WORK INSTRUCTION: In the records below, find the line that contains "<p>Duration and Flexibility: Consider" and the line that contains "<p>Remember that the". Set down exactly those lines and every line between them, and nothing more.

RECORDS FOR PROCESSING:
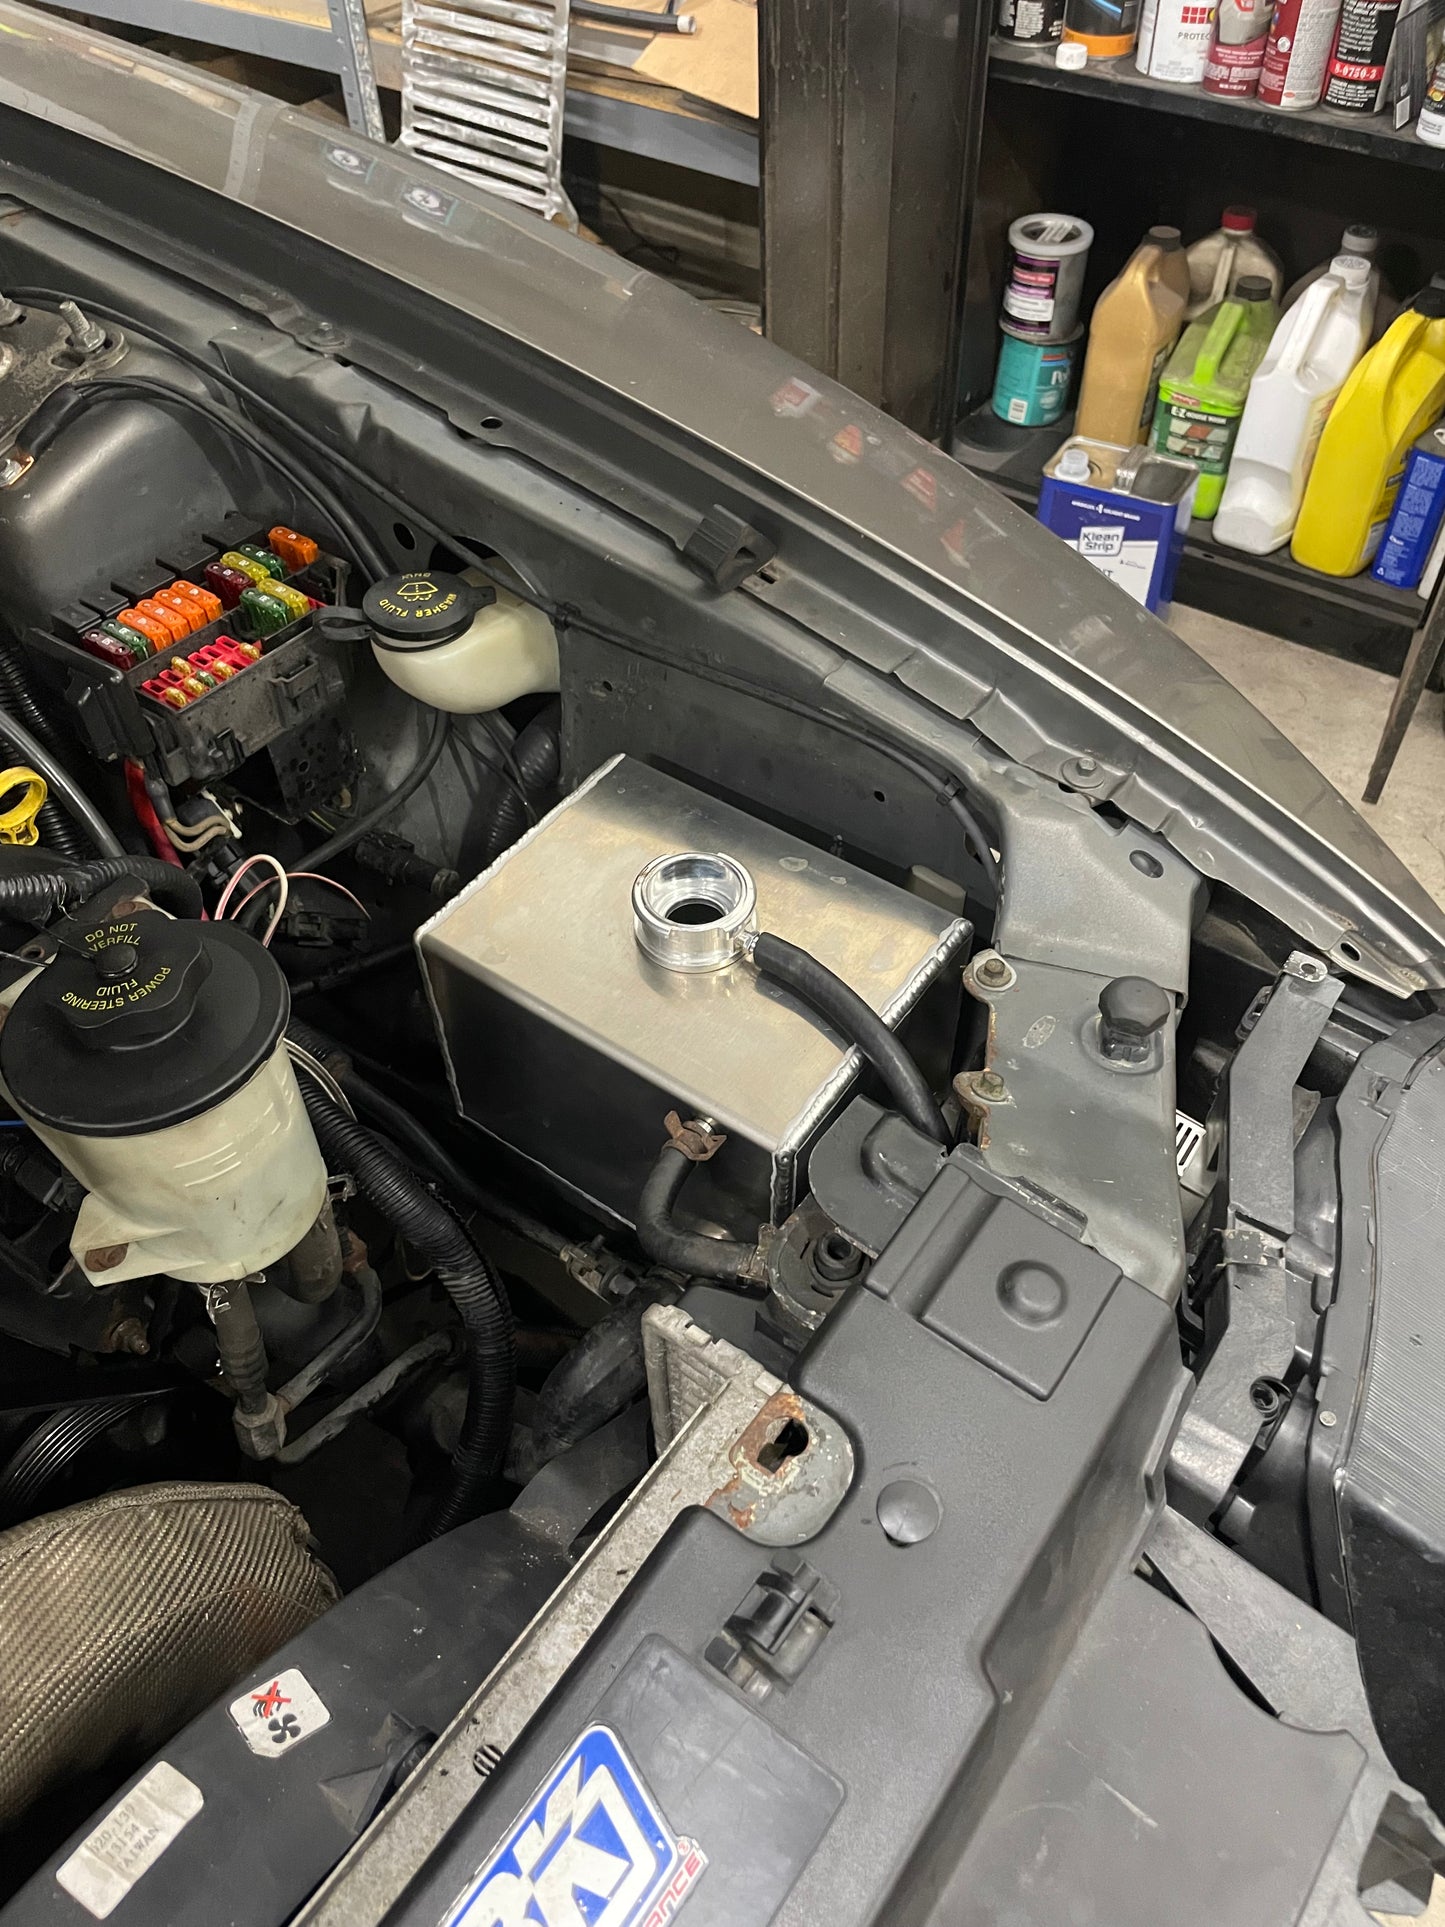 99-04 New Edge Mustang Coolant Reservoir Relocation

...

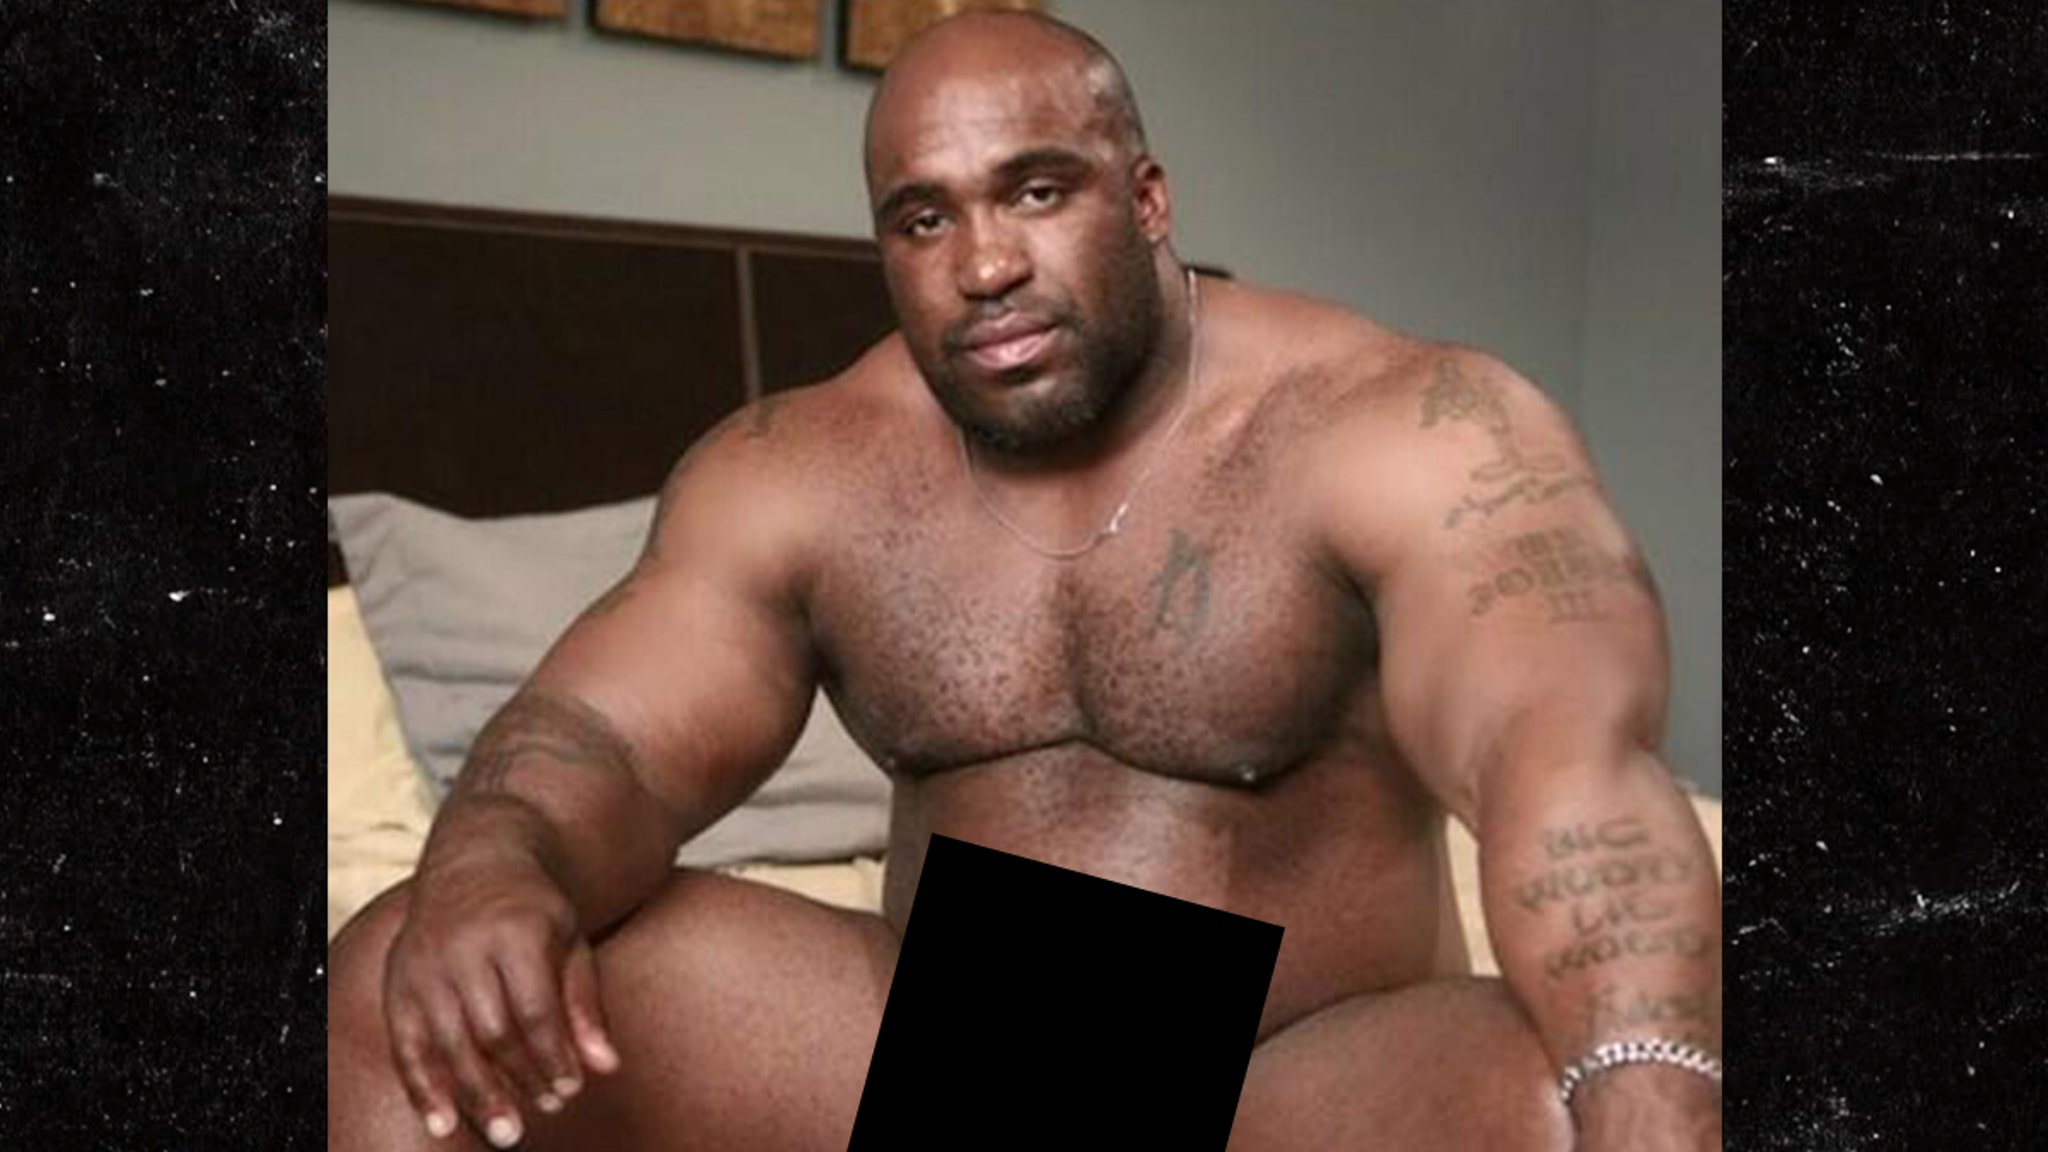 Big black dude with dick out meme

---

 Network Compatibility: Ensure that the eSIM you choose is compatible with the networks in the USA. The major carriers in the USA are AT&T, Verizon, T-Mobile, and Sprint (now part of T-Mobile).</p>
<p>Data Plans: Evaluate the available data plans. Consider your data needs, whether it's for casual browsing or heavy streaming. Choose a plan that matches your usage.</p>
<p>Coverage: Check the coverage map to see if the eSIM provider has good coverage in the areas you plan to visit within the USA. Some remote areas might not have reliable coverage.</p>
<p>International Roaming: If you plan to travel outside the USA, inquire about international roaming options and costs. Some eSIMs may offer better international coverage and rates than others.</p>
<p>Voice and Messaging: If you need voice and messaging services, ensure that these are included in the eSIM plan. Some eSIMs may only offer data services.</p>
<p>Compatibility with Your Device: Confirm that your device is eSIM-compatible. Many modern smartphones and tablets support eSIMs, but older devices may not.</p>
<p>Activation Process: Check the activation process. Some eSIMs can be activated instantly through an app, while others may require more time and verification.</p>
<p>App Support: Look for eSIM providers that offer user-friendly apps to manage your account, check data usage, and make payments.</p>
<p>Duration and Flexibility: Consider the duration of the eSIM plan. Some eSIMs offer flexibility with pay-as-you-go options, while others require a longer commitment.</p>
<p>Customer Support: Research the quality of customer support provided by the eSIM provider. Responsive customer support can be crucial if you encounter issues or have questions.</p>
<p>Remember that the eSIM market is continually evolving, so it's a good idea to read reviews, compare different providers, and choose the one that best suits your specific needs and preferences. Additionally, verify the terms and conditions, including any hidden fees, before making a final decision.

ANSWER TO THIS TASK:
<p>Duration and Flexibility: Consider the duration of the eSIM plan. Some eSIMs offer flexibility with pay-as-you-go options, while others require a longer commitment.</p>
<p>Customer Support: Research the quality of customer support provided by the eSIM provider. Responsive customer support can be crucial if you encounter issues or have questions.</p>
<p>Remember that the eSIM market is continually evolving, so it's a good idea to read reviews, compare different providers, and choose the one that best suits your specific needs and preferences. Additionally, verify the terms and conditions, including any hidden fees, before making a final decision.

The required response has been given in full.